There are nine National Football League (NFL) franchises across the region: the Atlanta Falcons, Baltimore Ravens, Carolina Panthers, Jacksonville Jaguars, Miami Dolphins, New Orleans Saints, Tampa Bay Buccaneers, Tennessee Titans, and Washington Commanders.

The Southeast has seven National Basketball Association (NBA) franchises: the Atlanta Hawks, Charlotte Hornets, Memphis Grizzlies, Miami Heat, New Orleans Pelicans, Orlando Magic, and Washington Wizards.

Major League Baseball (MLB) maintains five teams in the Southeast: the Atlanta Braves, Baltimore Orioles, Miami Marlins, Tampa Bay Rays, and Washington Nationals.

The Southeast has five National Hockey League (NHL) franchises: the Carolina Hurricanes, Florida Panthers, Nashville Predators, Tampa Bay Lightning, and Washington Capitals.

Major League Soccer currently holds six clubs: Atlanta United FC, Charlotte FC, DC United, Inter Miami CF, Nashville SC and Orlando City SC.

The majority of NASCAR teams are headquartered in the Charlotte area along with the sports operations headquarters and media outlets. Tracks in the region include Atlanta Motor Speedway,Bristol Motor Speedway,Charlotte Motor Speedway,Darlington Raceway, Daytona International Speedway, Homestead-Miami Speedway, Martinsville Speedway, Nashville Superspeedway, North Wilkesboro Speedway, Richmond Raceway, and Talladega Superspeedway.

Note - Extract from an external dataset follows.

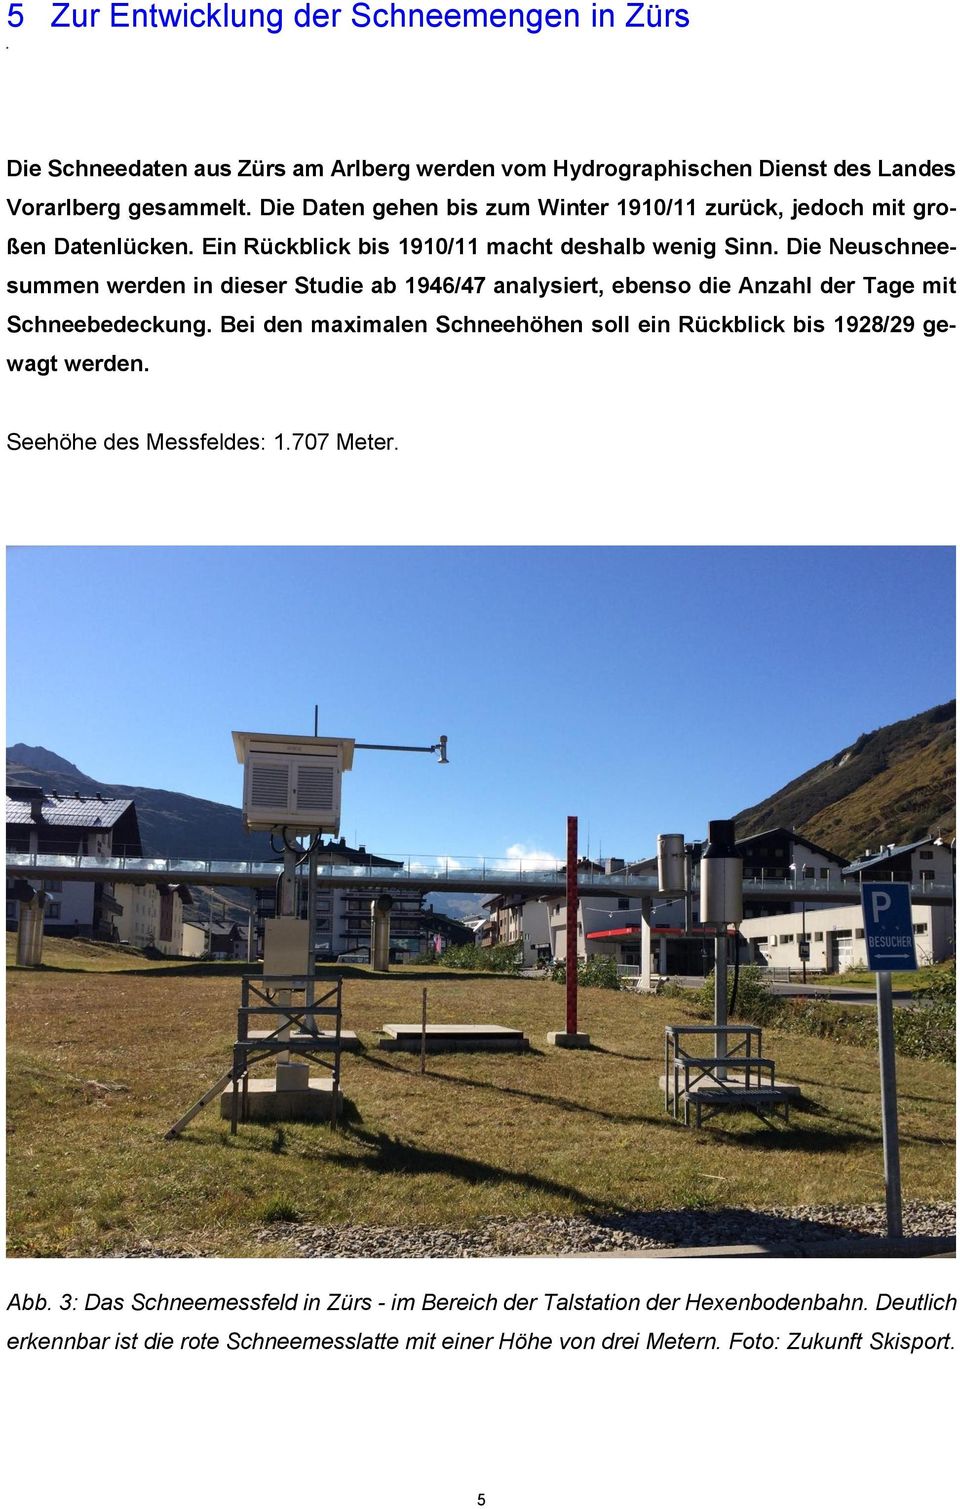 5 Zur Entwicklung der Schneemengen in Zürs Die Schneedaten aus Zürs am Arlberg werden vom Hydrographischen Dienst des Landes Vorarlberg gesammelt.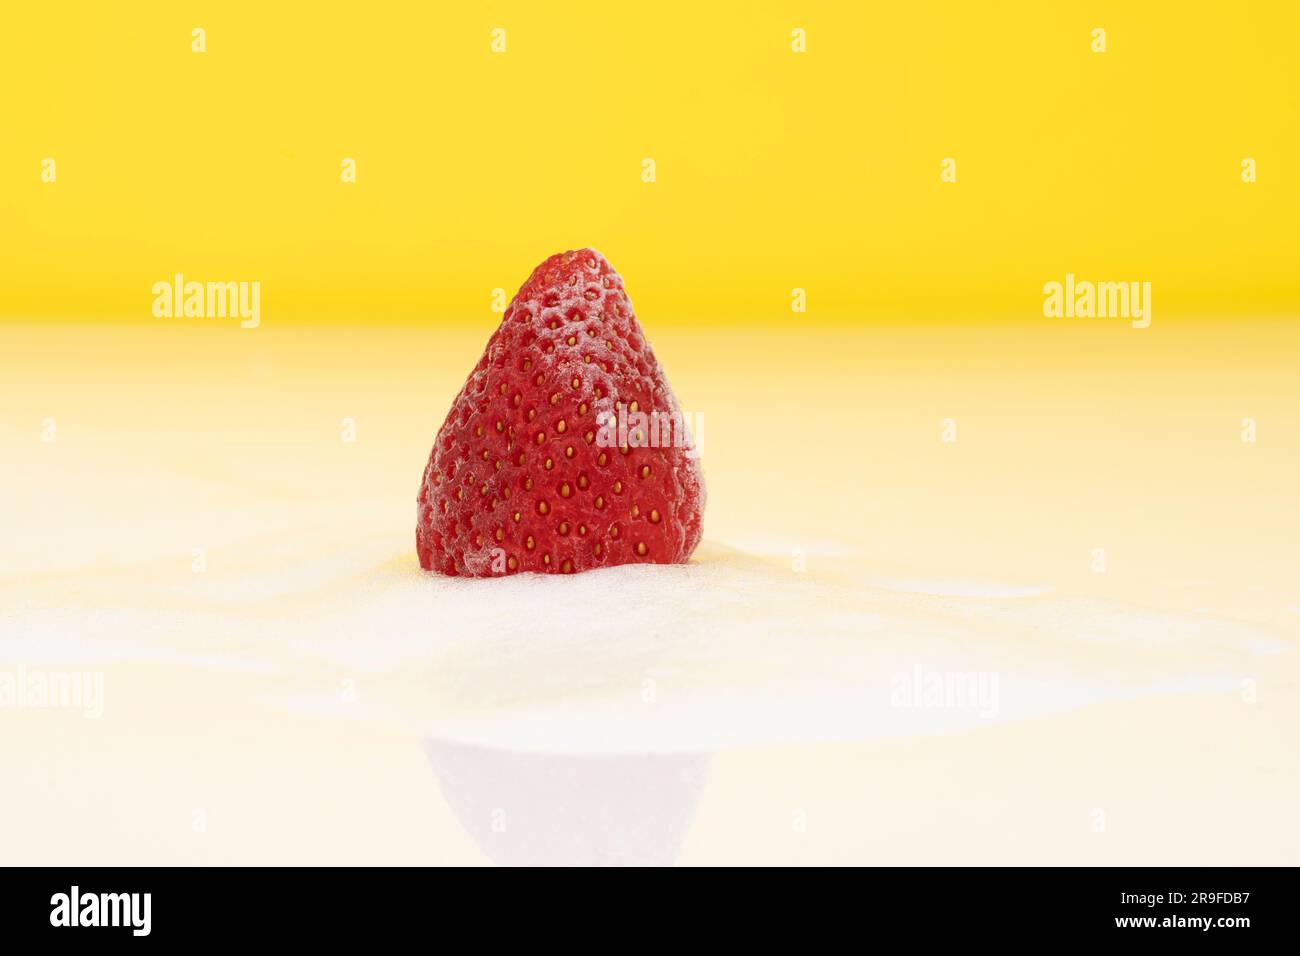 Eine frische Erdbeere auf einem Bett mit weißem Zucker auf gelbem Hintergrund Stockfoto

The southeast also hosts two of the three legs of the American Triple Crown: the Kentucky Derby in Louisville, and the Preakness Stakes in Baltimore. The Derby is considered the western leg of the crown and the Preakness is traditionally considered the southern leg.

===College===

Atlantic Coast Conference

Southeastern Conference

The Atlantic Coast Conference is an NCAA Division I conference with many Southeastern college teams, including the: Clemson Tigers, Duke Blue Devils, Florida State Seminoles, Georgia Tech Yellow Jackets, Louisville Cardinals, Miami Hurricanes, North Carolina Tar Heels, NC State Wolfpack, Virginia Cavaliers, Virginia Tech Hokies, and Wake Forest Demon Deacons.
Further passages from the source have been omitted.